▸ **GIVEN DATA**:

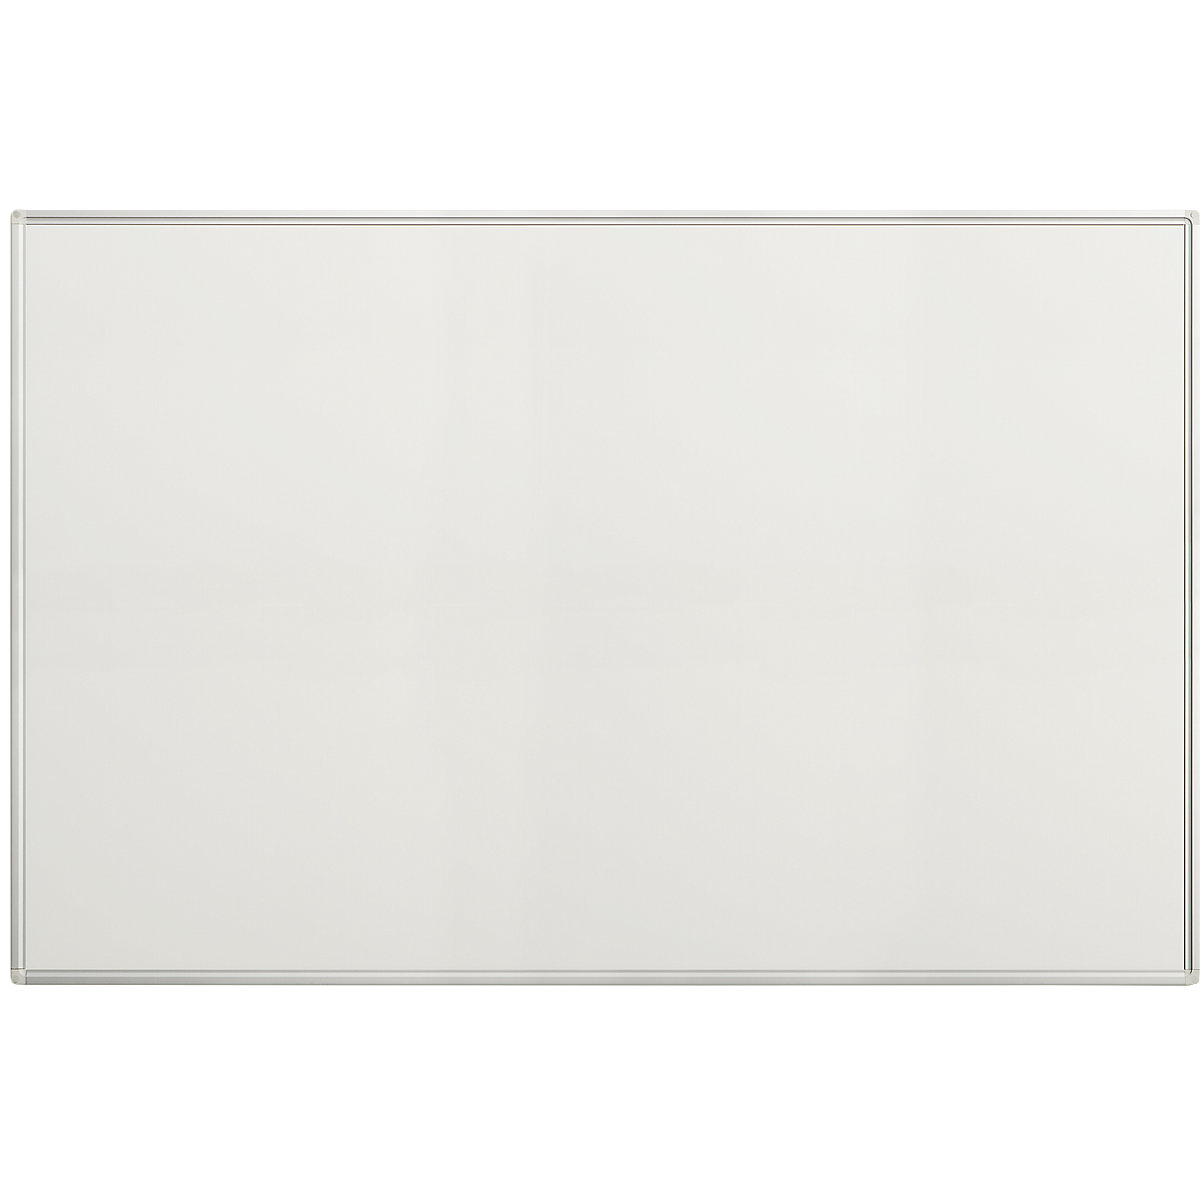 Tableau blanc Economy – eurokraft pro, tôle d'acier laquée, l x h 1500 x 1000 mm-11
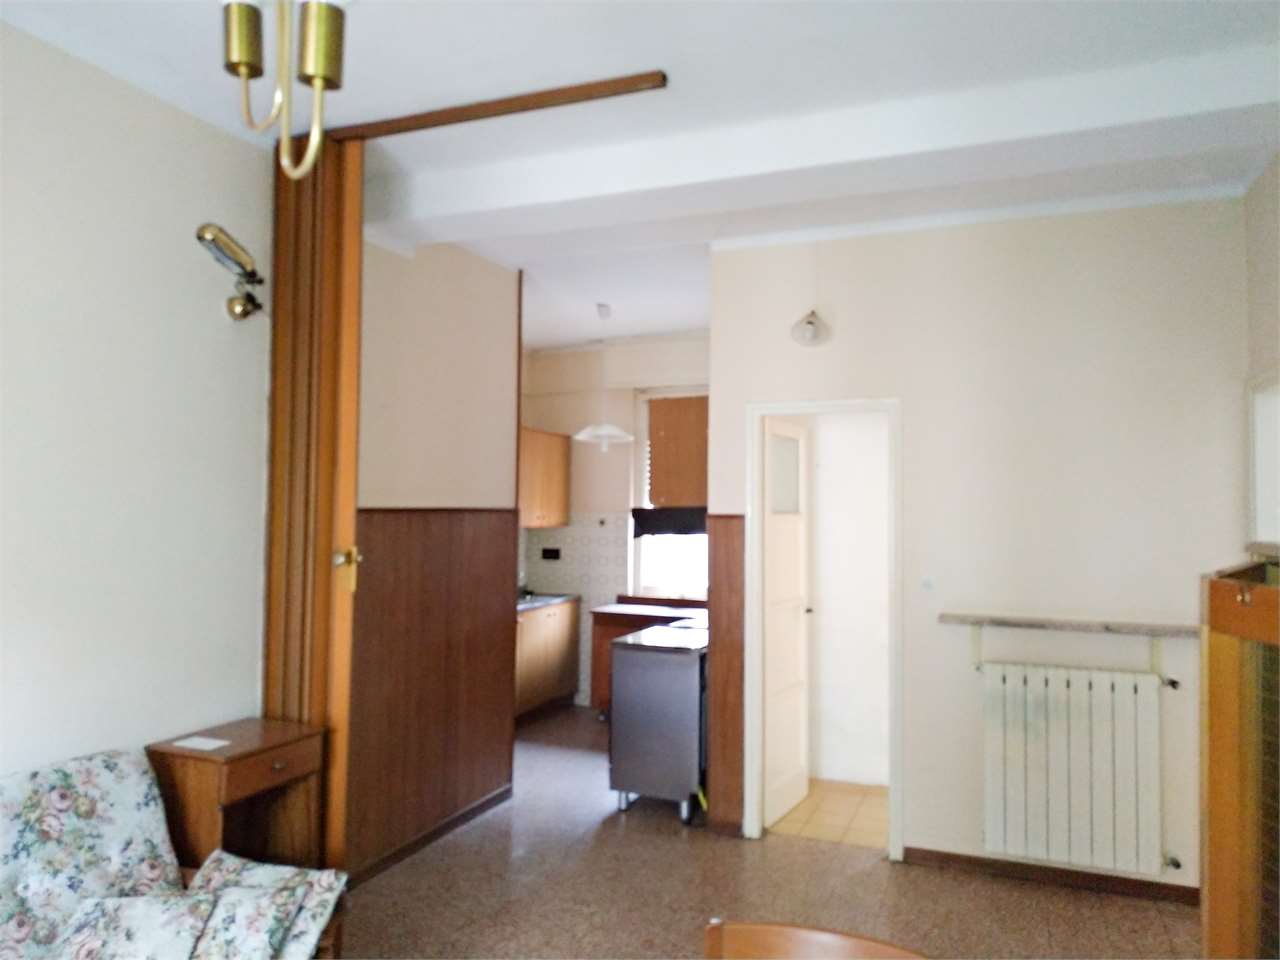 Appartamento in vendita a Omegna, 3 locali, prezzo € 47.000 | CambioCasa.it
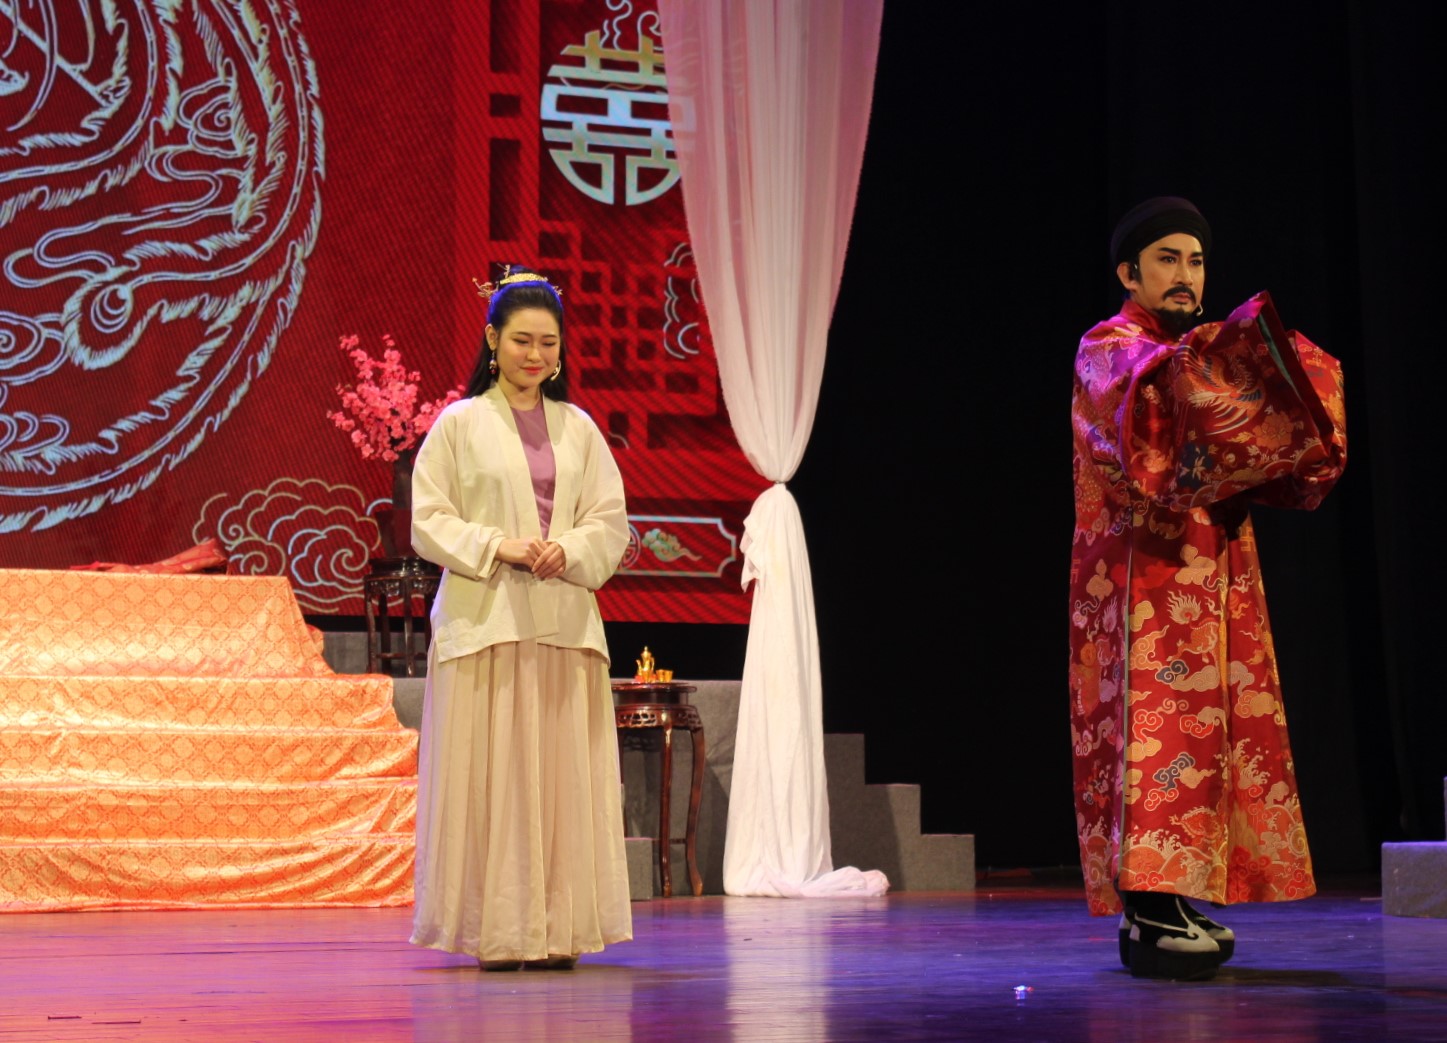 Bắt đầu từ cuộc hôn nhân chính trị, Bắc Bình Vương Nguyễn Huệ và công chúa Ngọc Hân đã trải qua nhiều thử thách để tìm được sự đồng điệu cùng nhau.

▸ **TASK DESCRIPTION**:
Write all the lines above out again exactly, minus the images.

▸ **COMPLETED EXERCISE**:
 Tableau blanc Economy – eurokraft pro, tôle d'acier laquée, l x h 1500 x 1000 mm-11
 Appartamento in vendita a Omegna, 3 locali, prezzo € 47.000 | CambioCasa.it
 Bắt đầu từ cuộc hôn nhân chính trị, Bắc Bình Vương Nguyễn Huệ và công chúa Ngọc Hân đã trải qua nhiều thử thách để tìm được sự đồng điệu cùng nhau.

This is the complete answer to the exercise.